Ilmuwan Ciptakan Laba-laba Genetis Pertama di Dunia untuk Material Berkinerja Tinggi

Ilmuwan yang didukung oleh Angkatan Laut AS telah menciptakan laba-laba modifikasi genetik pertama di dunia. Pencapaian ini berpotensi membuka jalan menuju kategori baru material berkinerja tinggi yang memiliki implikasi besar untuk pertahanan, dirgantara, dan medis.
Apa yang Terjadi: Tim di Universitas Bayreuth di Jerman, yang dipimpin oleh ahli biomaterial, Profesor Thomas Scheibel, menggunakan teknologi pengeditan gen CRISPR-Cas9 pada laba-laba rumah biasa (Parasteatoda tepidariorum). Menurut laporan dari Fast Company, teknik ini memungkinkan peneliti untuk memodifikasi sutra laba-laba pada tingkat genetik, menghasilkan serat yang bersinar merah saat terkena sinar UV, yang menjadi indikasi terlihat dari keberhasilan penyisipan gen.
Hal Ini Penting: Sutra laba-laba dikenal karena kekuatan, fleksibilitas, dan ringan. Dalam beberapa uji coba, sutra ini telah menunjukkan performa yang lebih baik dibandingkan dengan bahan seperti Kevlar.

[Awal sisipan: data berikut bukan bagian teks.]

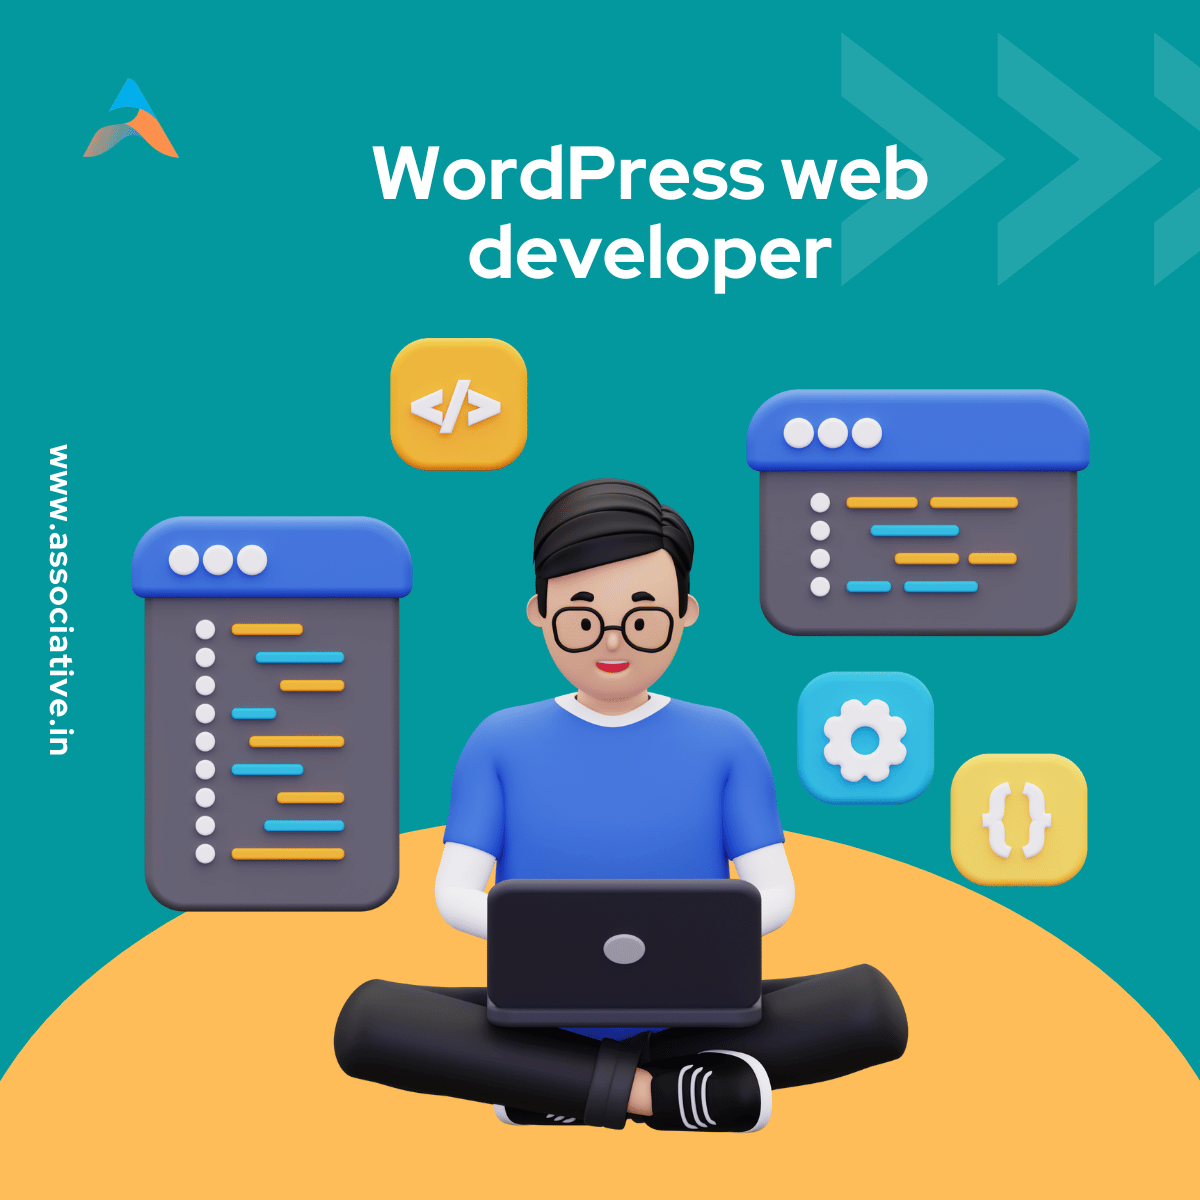 WordPress web developer

Ketertarikan militer terhadap sifat-sifat ini sangat besar, terutama untuk aplikasi seperti rompi pelindung ringan dan peralatan tahan radiasi. “Kami telah menunjukkan, untuk pertama kalinya secara global, bahwa CRISPR-Cas9 dapat digunakan untuk menggabungkan urutan yang diinginkan ke dalam protein sutra laba-laba,” kata Scheibel.
Pencapaian ini membuka jalan untuk sutra laba-laba yang tidak hanya tahan lama tetapi juga responsif, mungkin mampu mendeteksi racun atau mengubah bentuk saat terkena kelembapan.
Dengan memodifikasi sutra laba-laba dari dalam, alih-alih mengandalkan pemrosesan laboratorium yang mahal setelah ekstraksi, jenis sutra baru dapat dibuat khusus dari dalam ke luar. Meskipun fokus Angkatan Laut AS terletak pada teknologi pertahanan, sutra yang sama juga dapat digunakan untuk jahitan bedah, implan medis, tekstil yang dapat terurai, dan komponen pesawat ultra-ringan.
Namun, masih ada jalan panjang sebelum laba-laba modifikasi genetik menjadi komoditas di pabrik. Tingkat keberhasilan pengeditan gen masih rendah, dan kecenderungan kanibalisme laba-laba membuat produksi dalam skala besar menjadi tantangan.